European colonization

The islands were discovered on 1 April, 1522 by Juan Sebastián Elcano and the crew of the Victoria who completed the first circumnavigation of the world. In late March of 1522, the Victoria encountered a cyclone in the South Indian Ocean, which sent the ship into uncharted waters far to the south of her intended route. The crew chanced upon the archipelago now known as Costa Bravo, and there sheltered and provisioned for food and water. They remained on the islands from 1 April to 4 April 1522. The Venetian scholar Antonio Pigafetta wrote extensively of the wildlife and terrain of the islands. In his journal, Pigafetta christened the place Costa Brava and noted its approximate location. The Victoria arrived in Spain five months later.

Spain immediately laid claim to the islands, in contravention of the 1494 Treaty of Tordesillas which made the islands de jure Portuguese possessions. There were several failed ventures to colonize Costa Brava beginning as early as 1523. Only one such venture was undertaken prior to 1580, in which a flotilla of ships sailed from Seville in 1532 but failed to locate the islands.

The union of the Portuguese and Spanish crowns in 1580 revived colonization efforts, still to the exclusion of Portuguese interests, and a colonizing expedition landed on Costa Brava on 8 December, 1580. The colonists founded a small village on the east coast of the main island. This settlement was named Nuevo Puerto Hércules in honor of Isabella Grimaldi, Lady of Monaco with whom the expedition leader Ignacio de Zárate was infatuated.

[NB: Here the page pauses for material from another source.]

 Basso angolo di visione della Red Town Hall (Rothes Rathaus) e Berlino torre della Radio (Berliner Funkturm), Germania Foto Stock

Zárate had volunteered for the expedition to escape a death sentence for invading the Lady's bedchambers six months prior. A collection of love letters written by Zárate exhorting the Lady of Monaco to marry him and travel to Costa Brava—an impoverished, malarial colony—are today on display in the People's Museum.

Costa Brava encompassed an administrative unit consisting of all of Spain's possessions in the South Atlantic and Southern Indian Ocean. In this manner it was subaltern to the Council of the Indies, the supreme colonial organ of the Spanish Empire. Costa Brava was organized as a captaincy and audiencia of the Viceroyalty of Peru. Although nominally no different than his peers, the Captain General of Costa Brava had significant autonomy similar to the Captain General of Santo Domingo.

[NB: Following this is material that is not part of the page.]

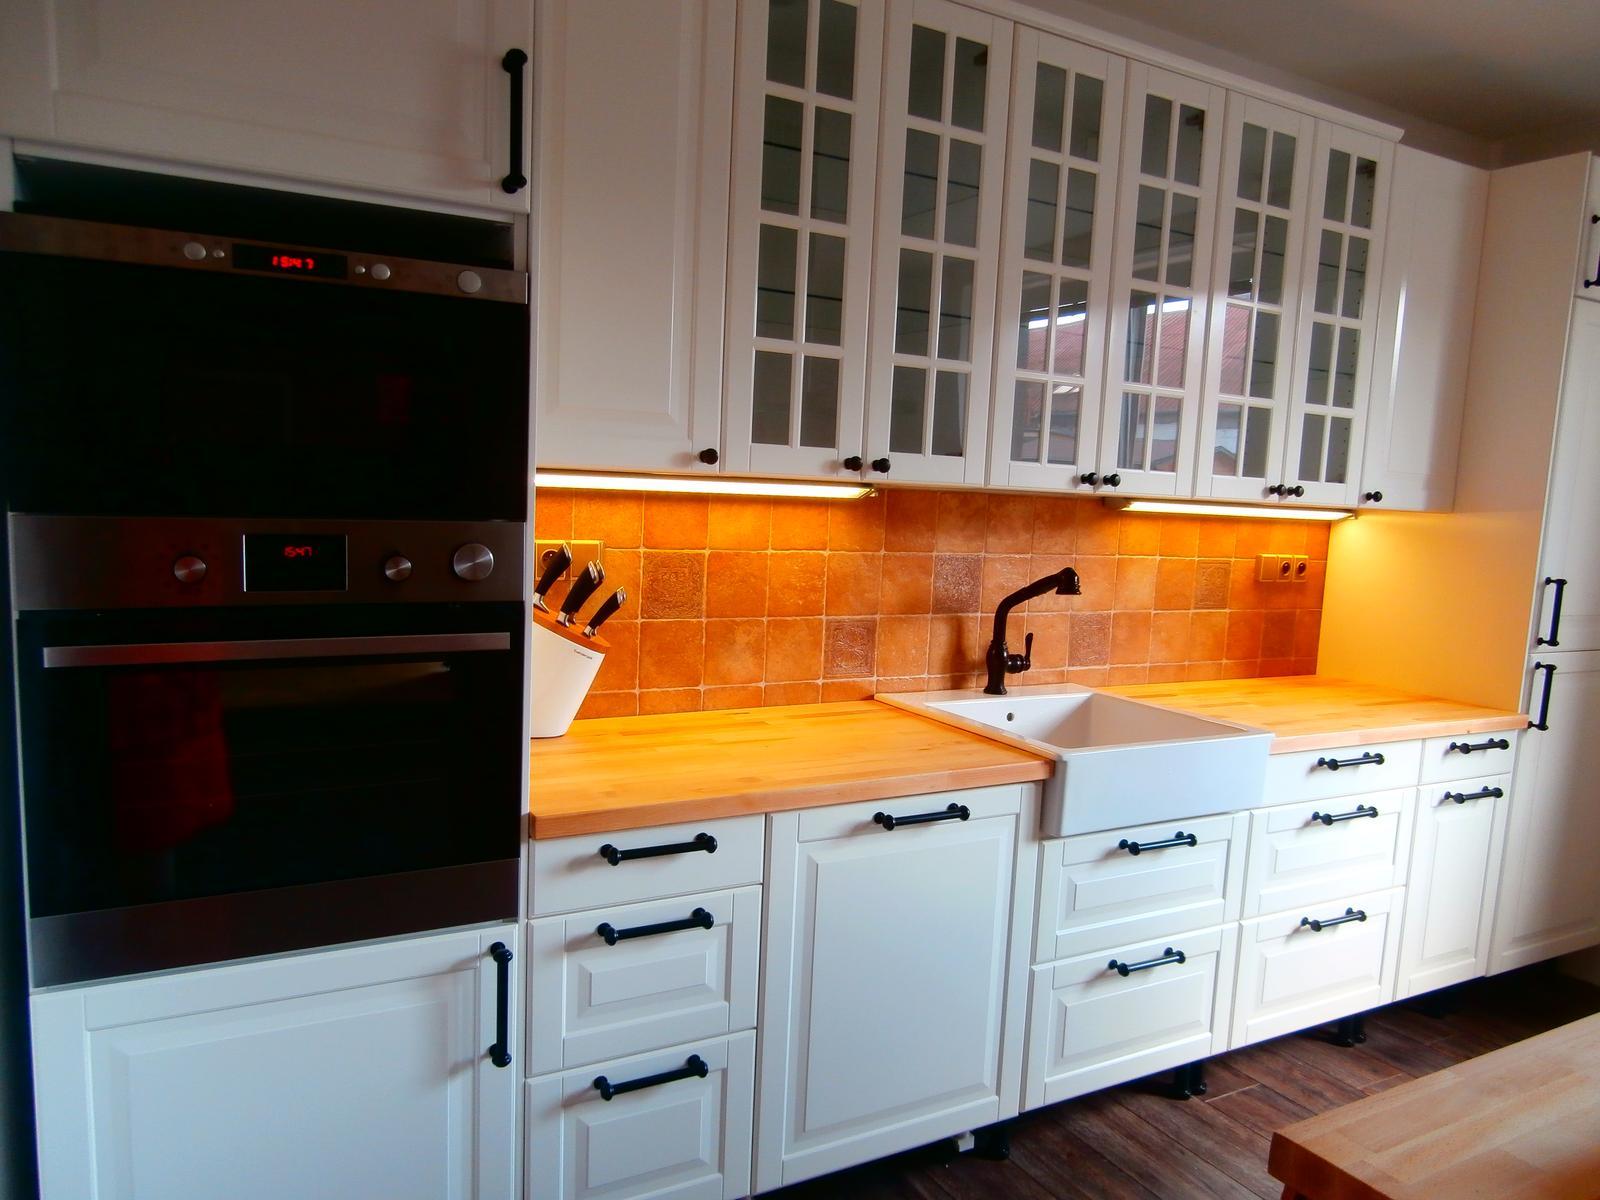 Má vysněná kuchyn - Obrázek č. 31

One of the most powerful leaders of Spanish colonial Costa Brava, Captain General Nicolás Benalcazar, was a profligate issuer of letters of marque during his Captaincy from 1607 to 1617. His privateer fleet in the 1610s acted as commerce raiders against British triangular trade ships. Benalcazar and the privateers received little recognition for their efforts and were even subject to punitive measures considering the extralegal nature of Benalcazar's letters of marque. This caused a rift between Costa Brava and the Crown, ultimately leading to a strong culture of privateering on the islands that the viceregal government could do nothing to prevent. Benalcazar was stripped of office in 1617, after which he became a successful pirate. The Golden Age of Piracy was a high watermark in the early cultural history of Costa Brava. Costa Brava became a byword of a place of debauchery and murder. The "Cold Caribbean" was a moniker frequently applied to the islands.